There was a news headline last week that caught my eye : that the respite provision for parents of special needs children had been cut by 15% on average. Well in 2015, our experience has been 100% reduction as our provision closed back in February and there is nowhere like in within our own local authority boundary. We have had to opt for a great facility for Joshua, that took us an hour and a quarter to get to on Friday afternoon!
fortunately Joshua is a great traveller and he is likely to sleep on the journey, but the distance from home is a concern largely due to his seizure activity : if Joshua has a seizure en route, he is vulnerable as he will be in a rural area between cities and so he could be many miles from his nearest A&E department, but Transport are not trained to administer his rescue medication, simply to call 999 and keep him safe while waiting for the ambulance. If we receive that call advising us that Joshua is on his way to hospital, we too could be over an hour’s drive away from our son.having seen the terror on his face before once when he arrived at A&E without us by his side, it is not something that I ever want him to have to go through again.

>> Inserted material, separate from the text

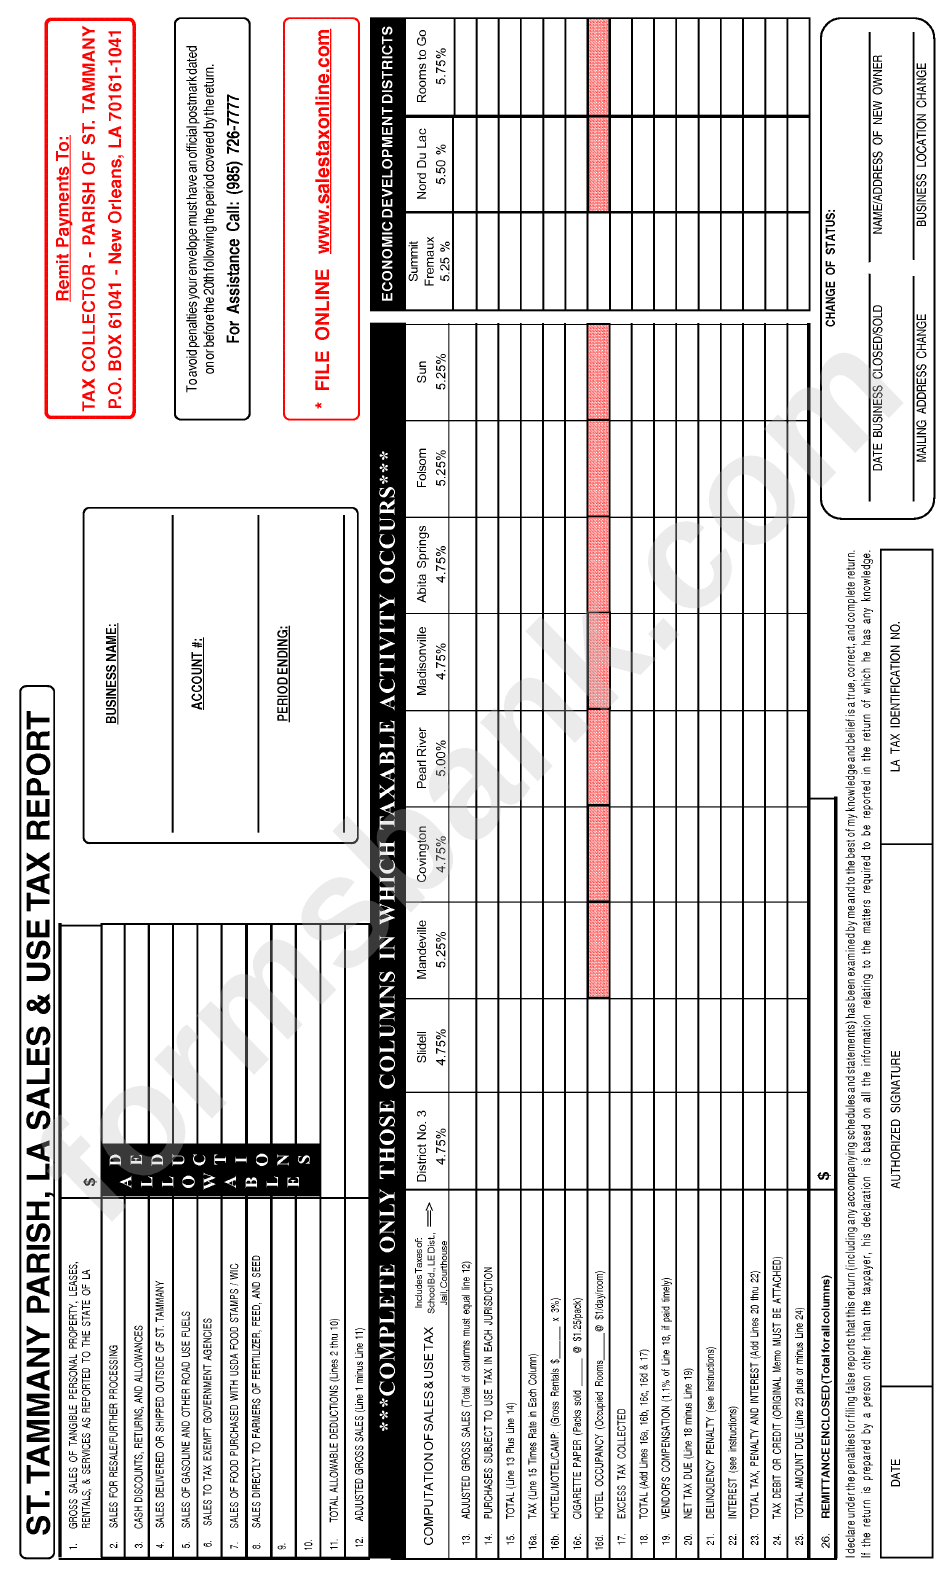 St. Tammany Parish, La Sales & Use Tax Report Form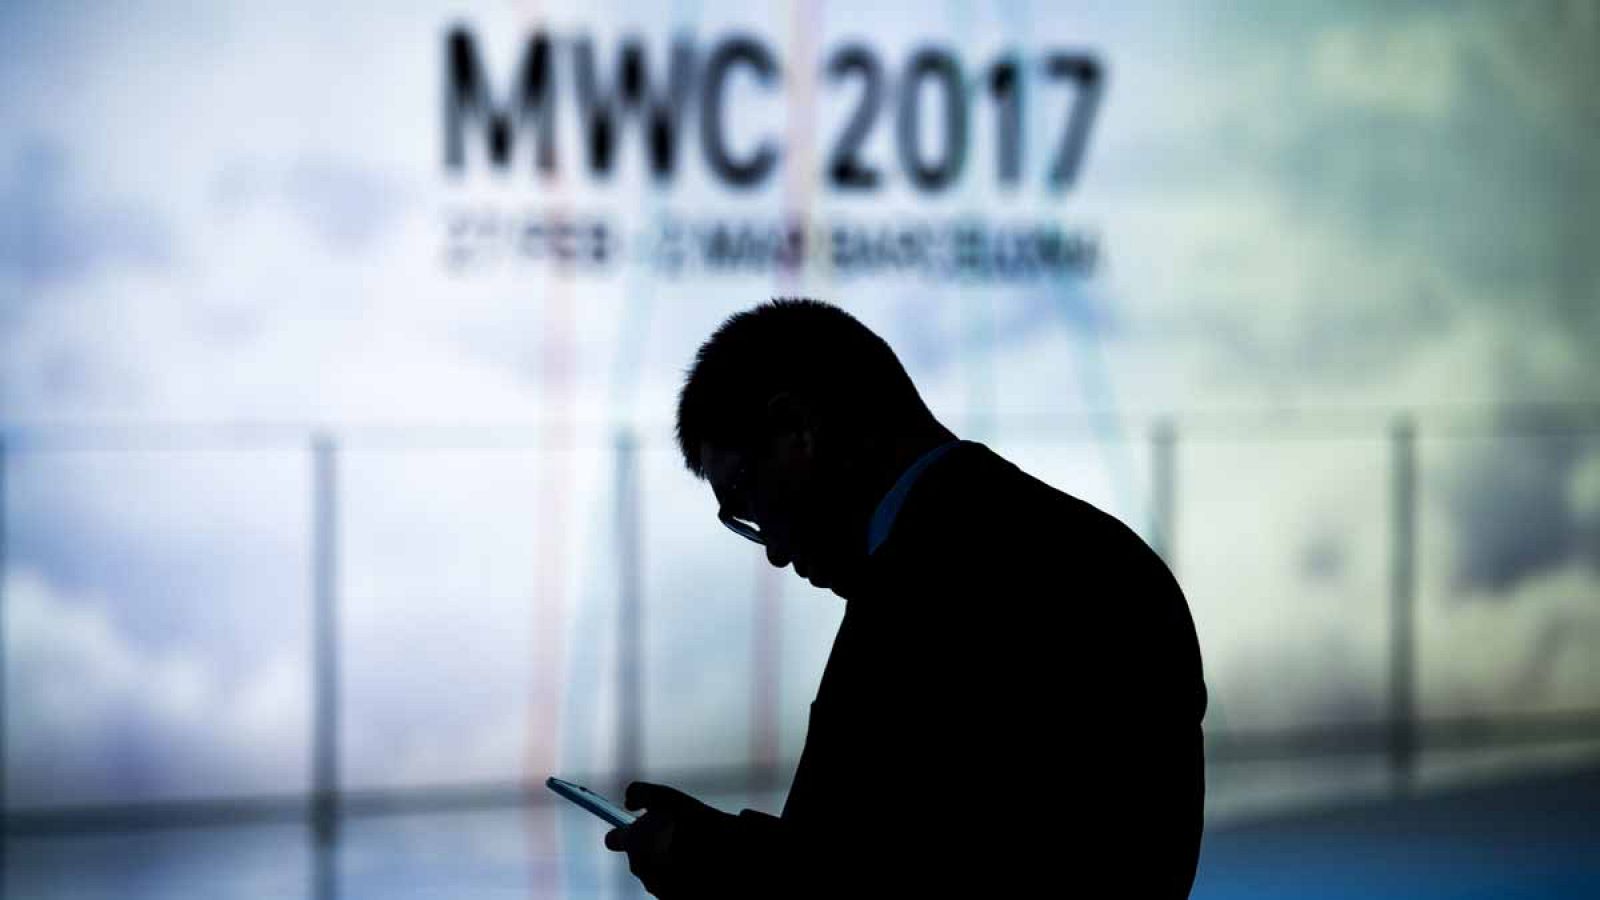 El MWC 2017 ha concluido con 108.000 participantes, un 7% más que en 2016.

Our need for respite as a family is such that, after 8 months without any overnight provision, that we are keen to accept the best that our neighbouring local authority can offer. But it does not come without it’s risks and worries. I have had to fight hard for this and am not going to let it go without really trying to overcome the issues and give it a go.
but I know there are other families who were left without ‘ short breaks’ as we now call respite, who have not fought as hard as we have, so have been left to muddle through. Who no longer get that family time without the demanding son who dominates every weekend and evening with what he can and will tolerate. Due to local authority cuts in this valuable service, children are being limited in their weekend activities simply because they are too difficult to manage and to take out, without an army of family to support their anti- social behaviour. In many cases, if they do not get their allocated one weekend in four ‘off’ then enormous pressure is heaped on the family as respite acts like a safety valve – you can cope with the sleepless Saturday night or the embarrassing scene in the supermarket, because you know that next weekend you will have some freedom to recover while your child is being taken good care of.
without that safety valve , day to day life may become too demanding and stressful for some families, and the whole situation could explode.